What to do
In the material below, find the span from the line with "Birkenstock Limited Edition" to the line with "Callaway Golf 4-in-1 Divot Repair Tool Izzo" and transcribe only those lines, exactly, ends included, without the pictures.

Data in this exercise
◇ ◇ ◇ ◇ ◇ ◇ ◇

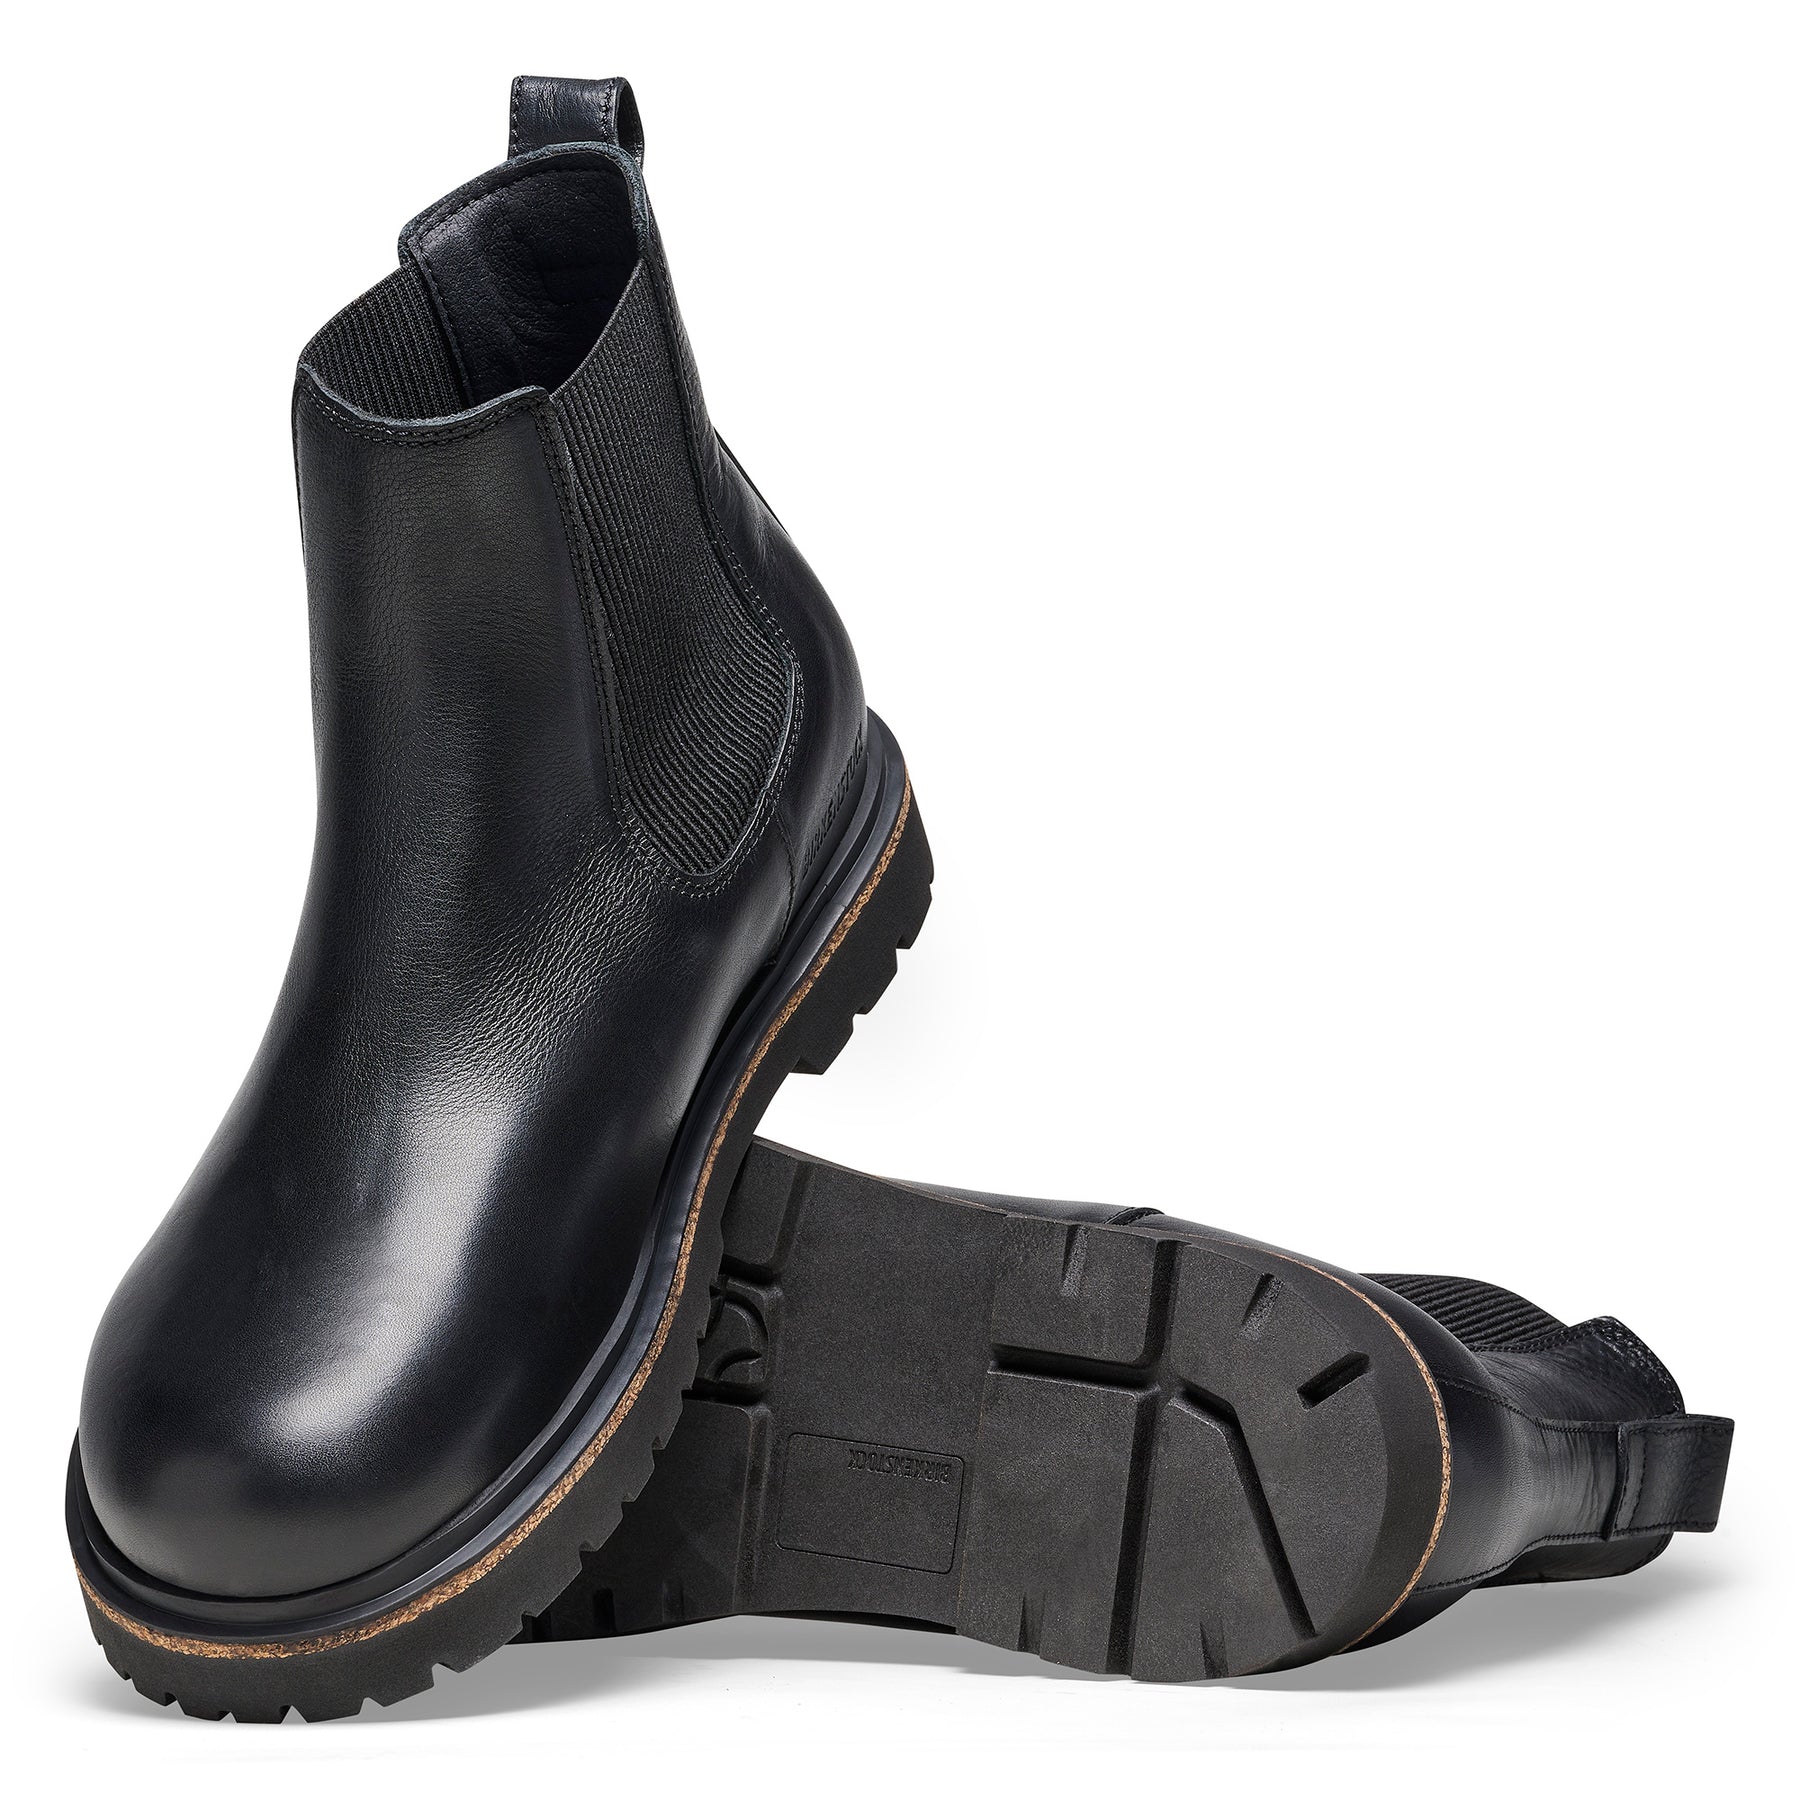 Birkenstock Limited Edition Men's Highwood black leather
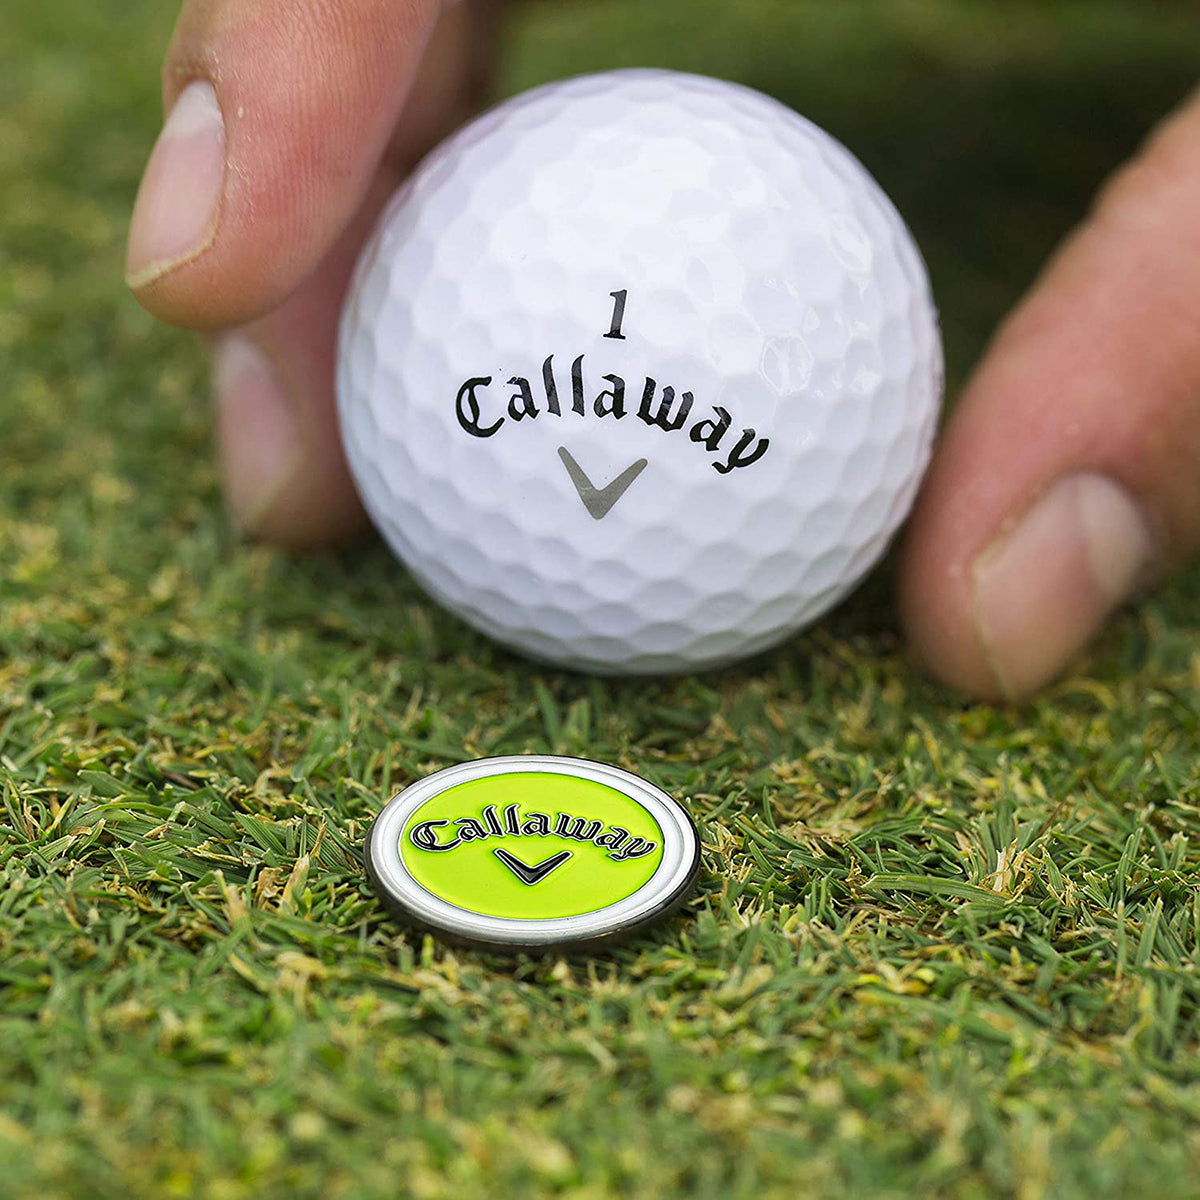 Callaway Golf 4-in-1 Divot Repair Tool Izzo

◇ ◇ ◇ ◇ ◇ ◇ ◇

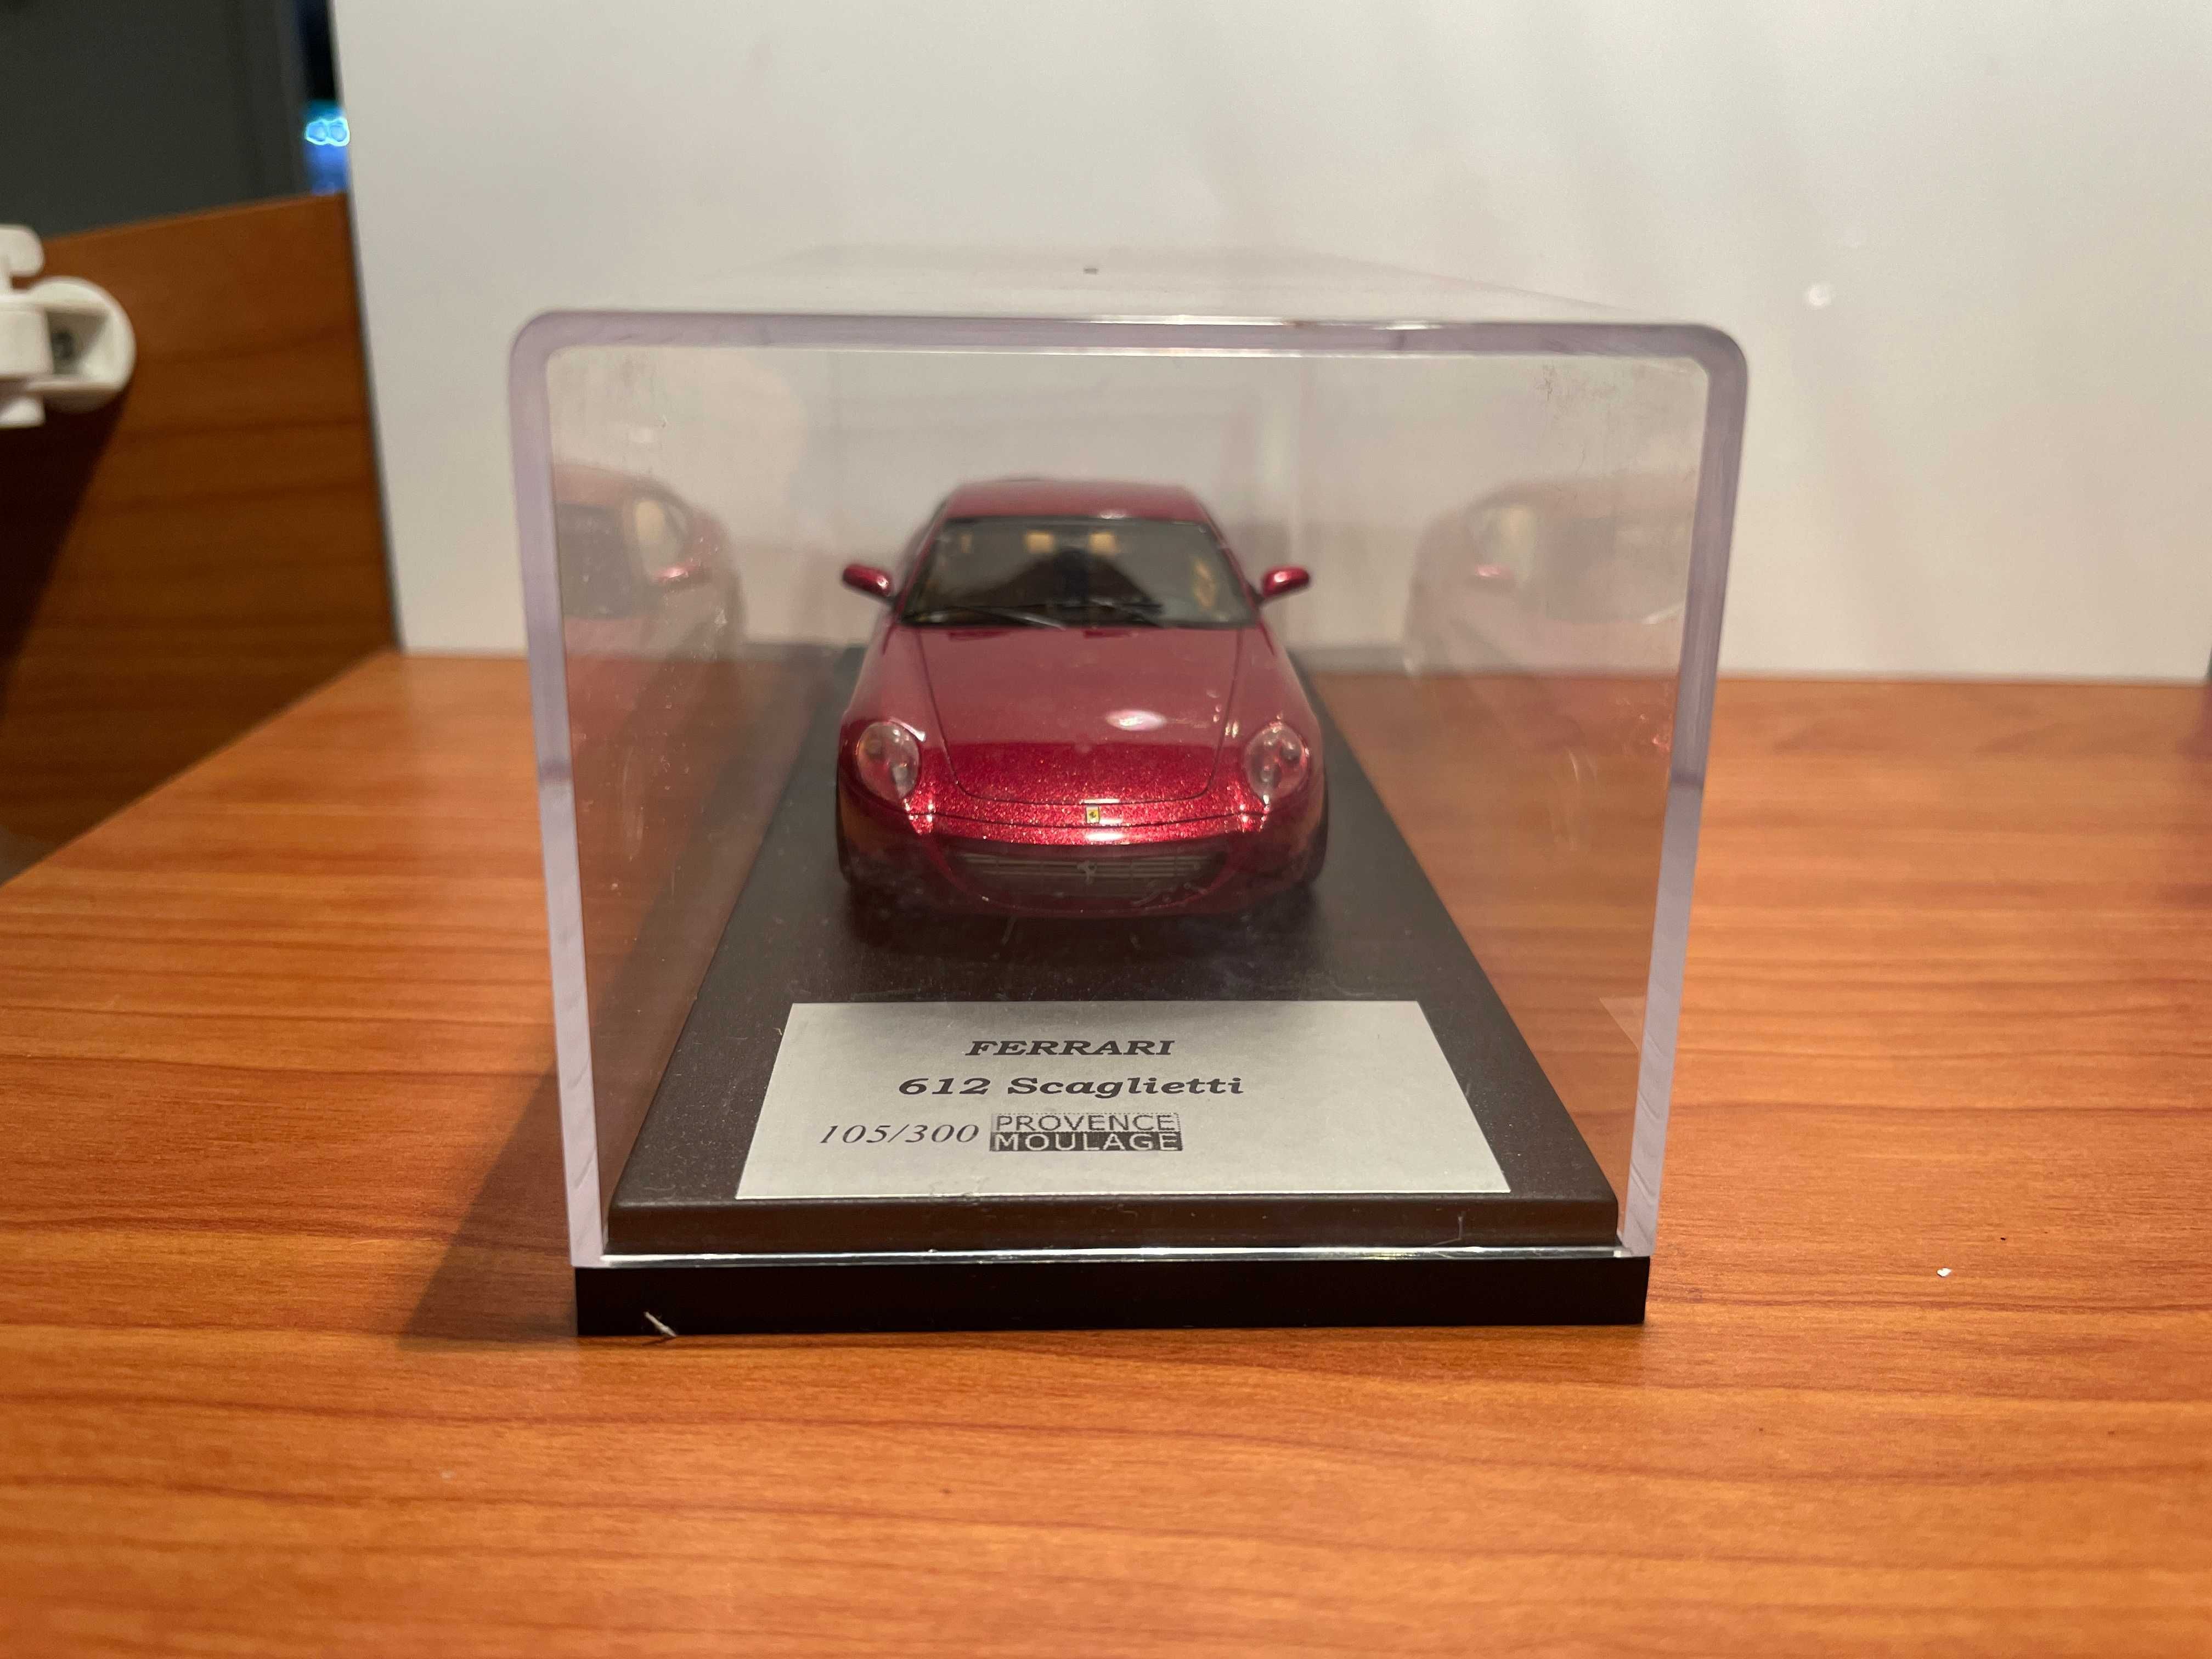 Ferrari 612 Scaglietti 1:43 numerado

◇ ◇ ◇ ◇ ◇ ◇ ◇

Task result
 Birkenstock Limited Edition Men's Highwood black leather
 Callaway Golf 4-in-1 Divot Repair Tool Izzo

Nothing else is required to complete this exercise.